By Sungwoo Park
Nov. 6 (Bloomberg) -- Copper, which has more than doubled in price this year, may outperform other metals in 2010 as government infrastructure spending boosts demand for the metal used in electrical wires, Tong Yang Securities Inc. said.
“Prices of industrial metals will advance next year,” Yi Seong Je, a commodities analyst at Tong Yang Securities in Seoul, said by phone yesterday. “Copper will outperform since stimulus spending is focused mostly on infrastructure, which primarily needs the metal.”
Copper gained to a one-year high last month on demand from China, the world’s biggest metals user, and as the dollar slumped against major currencies. China’s government is spending $586 billion to spur the local economy, helping to drive imports to record levels in the first half of 2009.
Yi forecast copper for delivery in three months on the London Metal Exchange may average around $6,500 a ton next year, and top $7,000 a ton by the end of 2010.
Copper on the LME has averaged $4,907 a ton this year, according to Bloomberg data. The metal gained 0.5 percent to $6,562 a ton at 10:06 a.m.
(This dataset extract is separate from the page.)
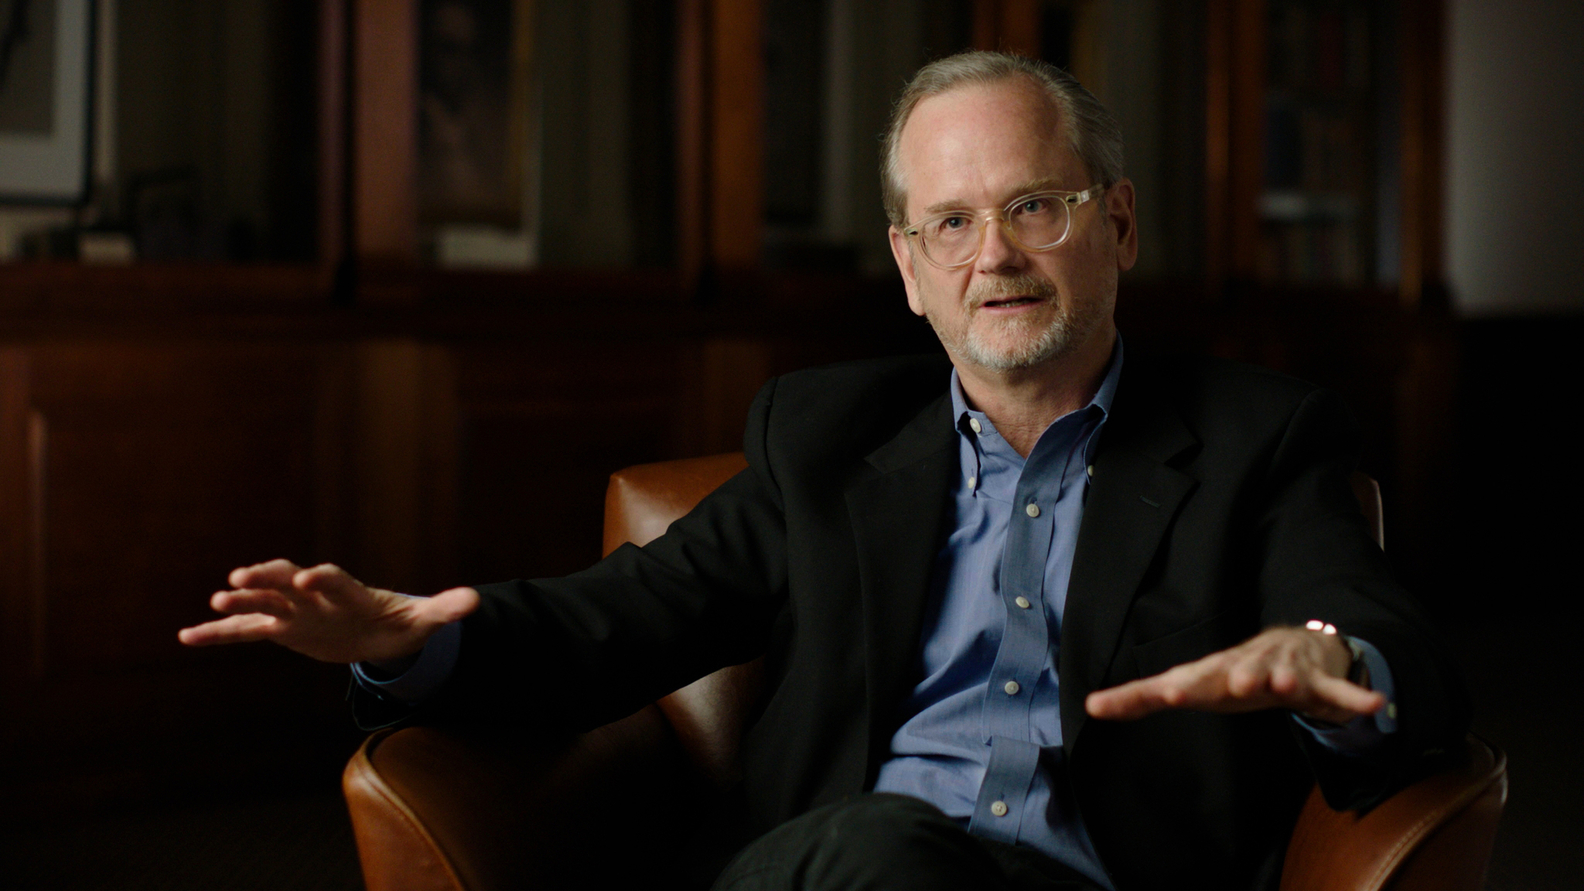 Harvard Law School Professor Lawrence Lessig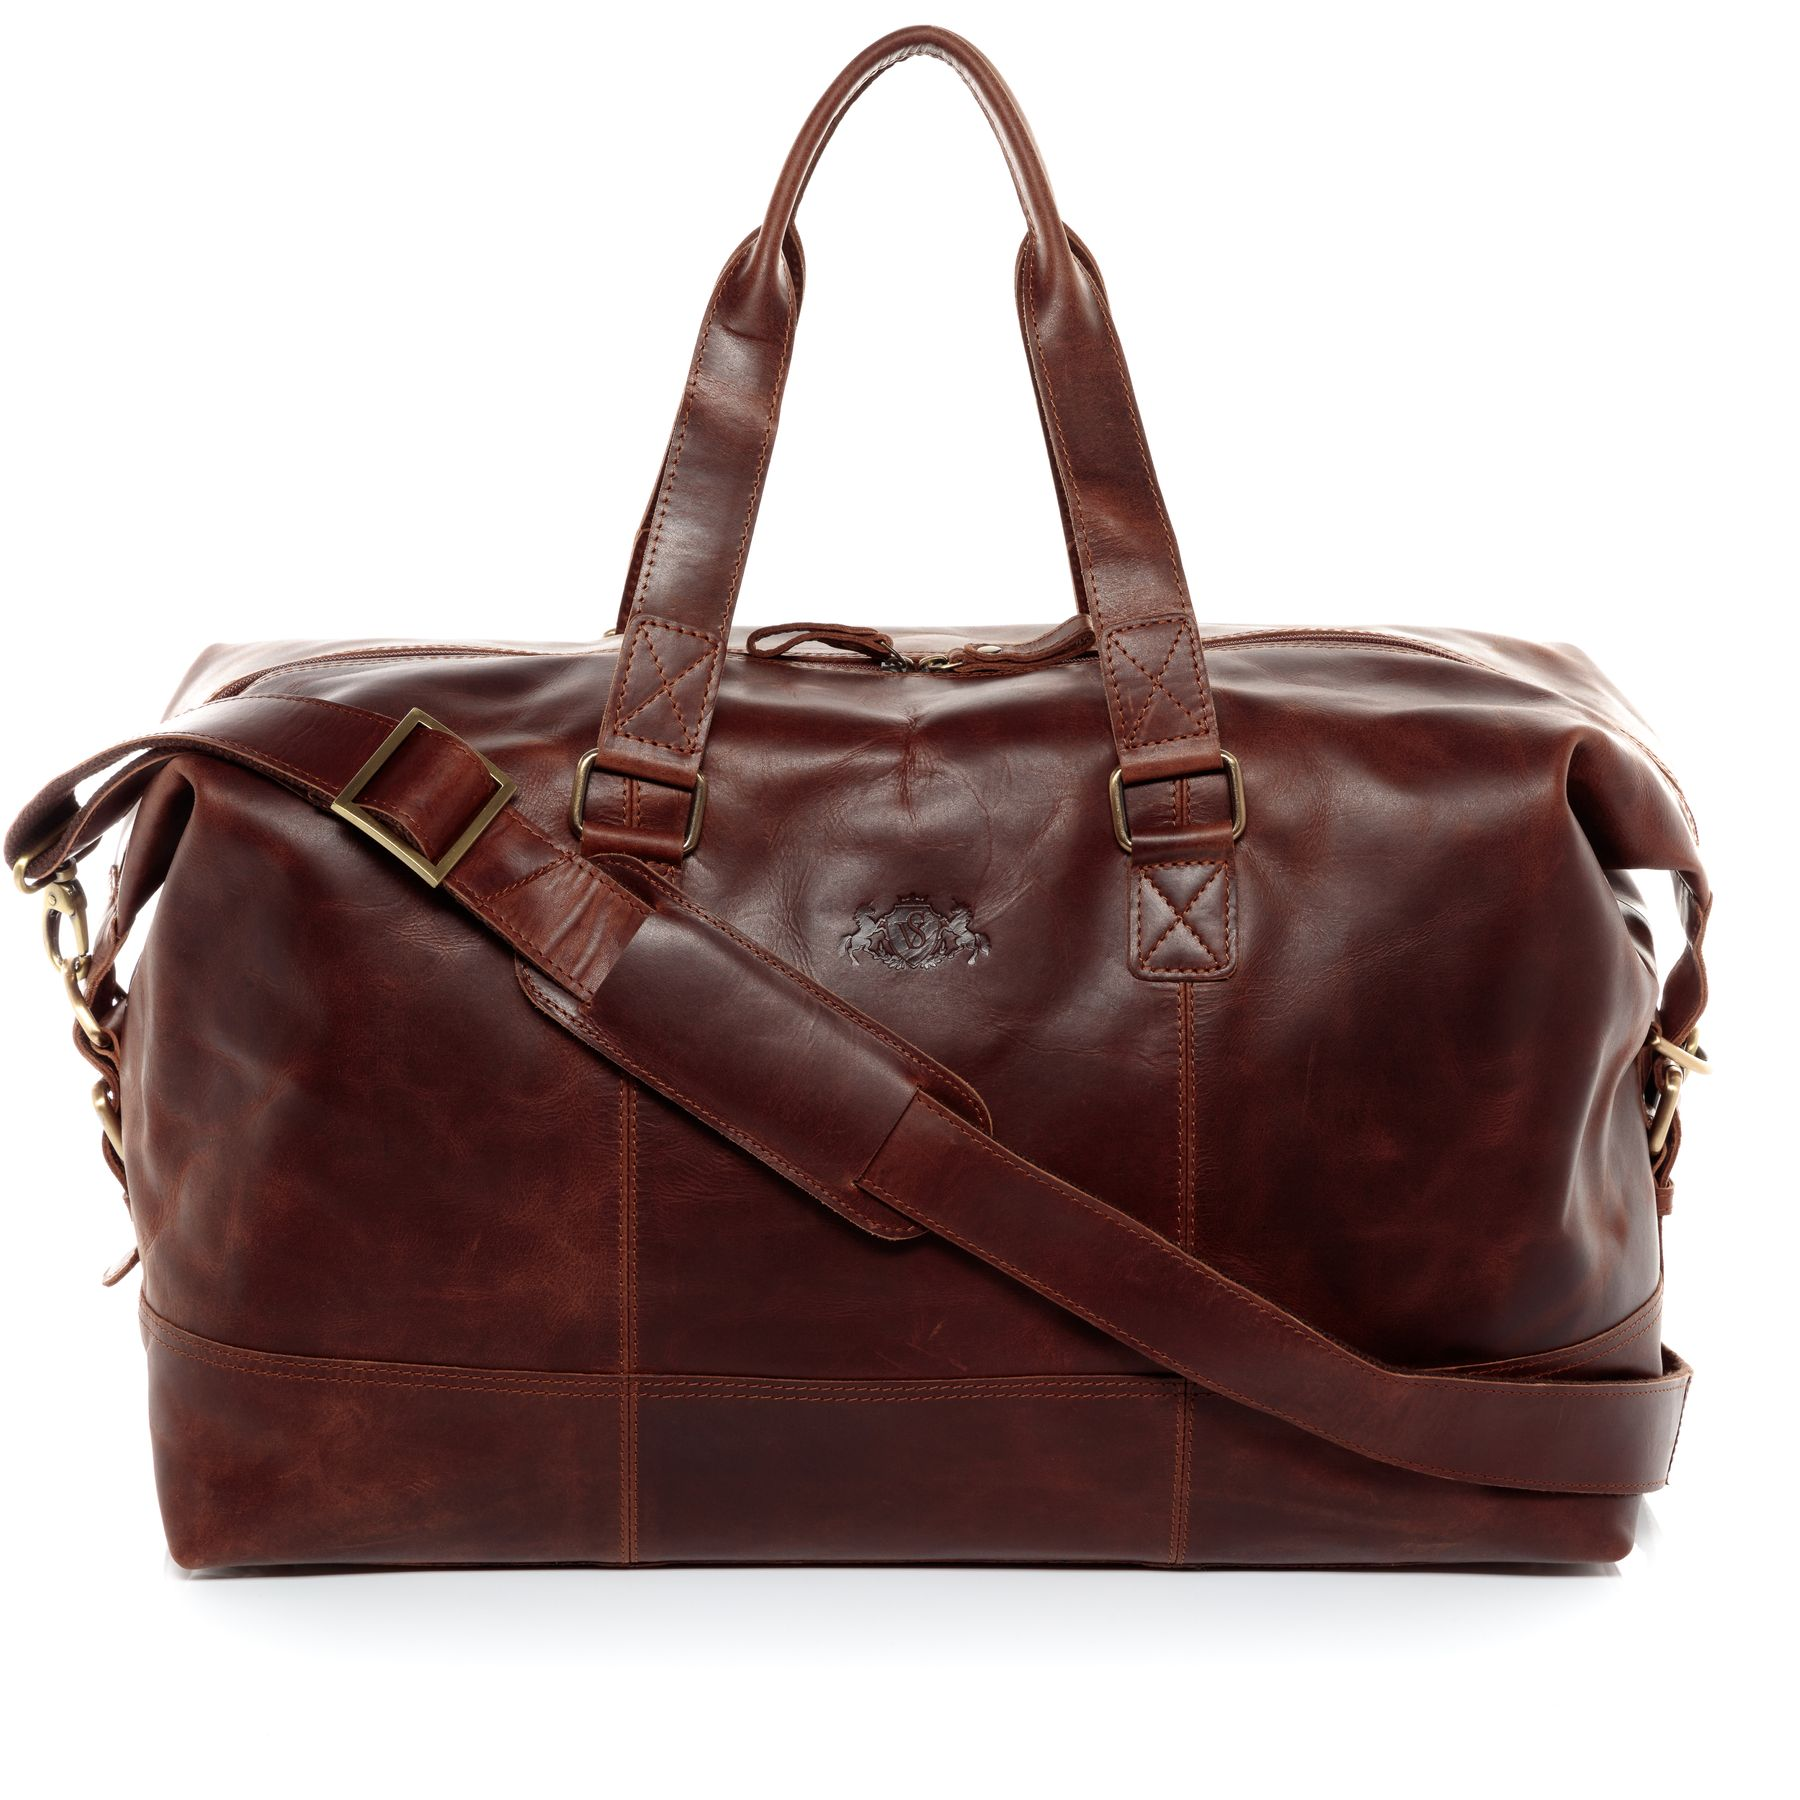 9aa538a6ea SID & VAIN sac de voyage cuir marron fourre-tout besace week-end sac sport  bagages cabine à main Sacs de voyage Sacs de sport

Seoul time.
“What I am closely looking at now is demand-related indicators because current price levels fueled by increased liquidity cannot be sustainable without support from actual demand,” Yi said. “The key is by how much demand in major consuming nations apart from China will recover.”
Aluminum in London has gained 26 percent this year, while zinc has jumped 85 percent and lead has more than doubled.
Base-metal prices may decline toward the end of this year because “fundamentals are too weak” to justify current levels and a rebound in the dollar cannot be ruled out, he said.